HTTP was built to deliver the World Wide Web.
Hypermedia and URLs
Books have referenced other books for thousands of years. But a human has to enact each reference by fetching the
other book and turning pages until the referenced text is found. The dream that the World Wide Web (WWW, or simply
“the Web”) has fulfilled is to delegate to the machine the responsibility of resolving the reference.
The moment that inert text like “the discussion of cookies in Chapter 9” becomes underlined and clickable on
a computer screen so that a click takes you to the text that it is referencing, it becomes a hyperlink. Full documents
whose text can contain embedded hyperlinks are called hypertext documents. When images, sound, and video are
added to the mix, the user is experiencing hypermedia.
In each case, the prefix hyper- indicates that the medium itself understands the ways that documents mutually
reference each other and can enact those links for a user. The phrase “see page 103” in a printed book does not, itself,
have the power to carry you to the destination that it describes. The browser displaying a hyperlink, by contrast, does
have this power.
To power hypermedia, the uniform resource locator (URL) was invented. It offers a uniform scheme by which not
only modern hypertext documents but also even old FTP files and Telnet servers can be referenced. You have seen
many such examples in the address bar of your web browser.
Some sample URLs
https://www.python.org/
http://en.wikipedia.org/wiki/Python_(programming_language)
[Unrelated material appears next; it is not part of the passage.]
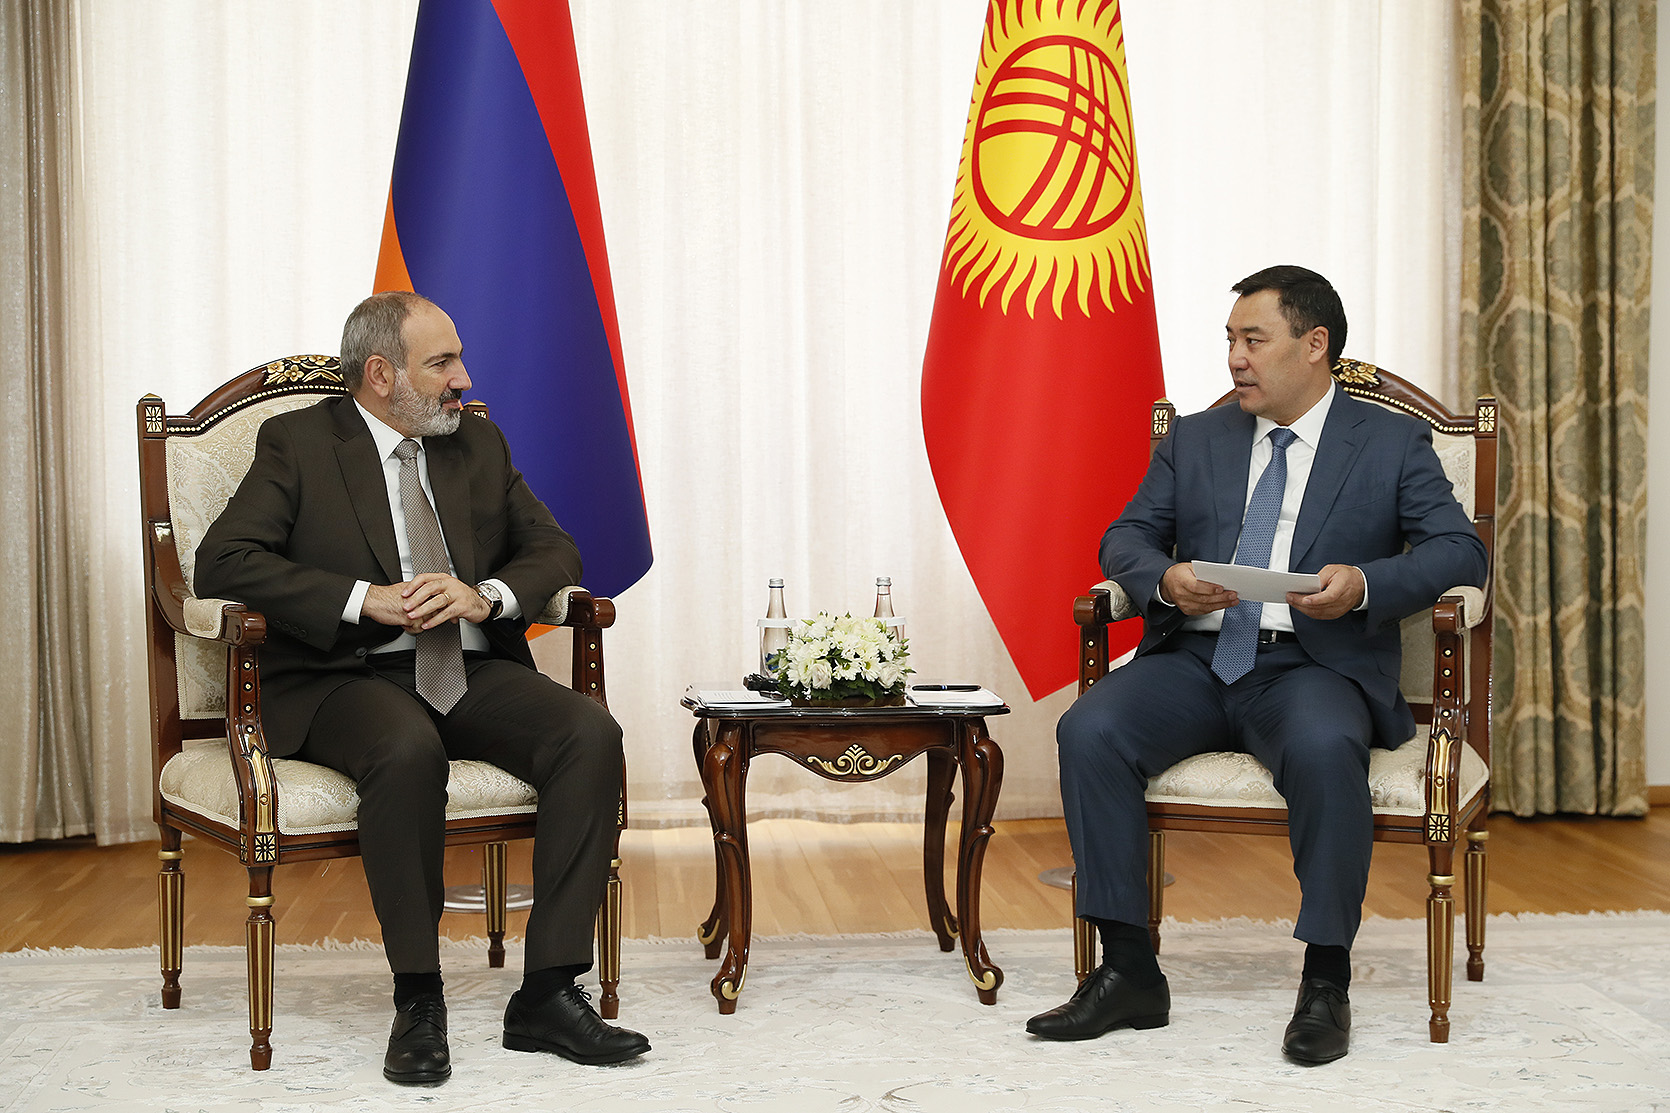 Հայաստանն ու Ղրղզստանը կակտիվացնեն տնտեսական կապերը. վարչապետը հանդիպում է ունեցել Ղրղզստանի նախագահի հետ

http://localhost:8000/headers
ftp://ssd.jpl.nasa.gov/pub/eph/planets/README.txt
telnet://rainmaker.wunderground.com
The initial label like https or http is the scheme, which names the protocol by which a document can be
retrieved. Following the colon and two slashes :// comes the hostname and optional port number. Finally, a path
selects one particular document out of all the documents that might be available on a service.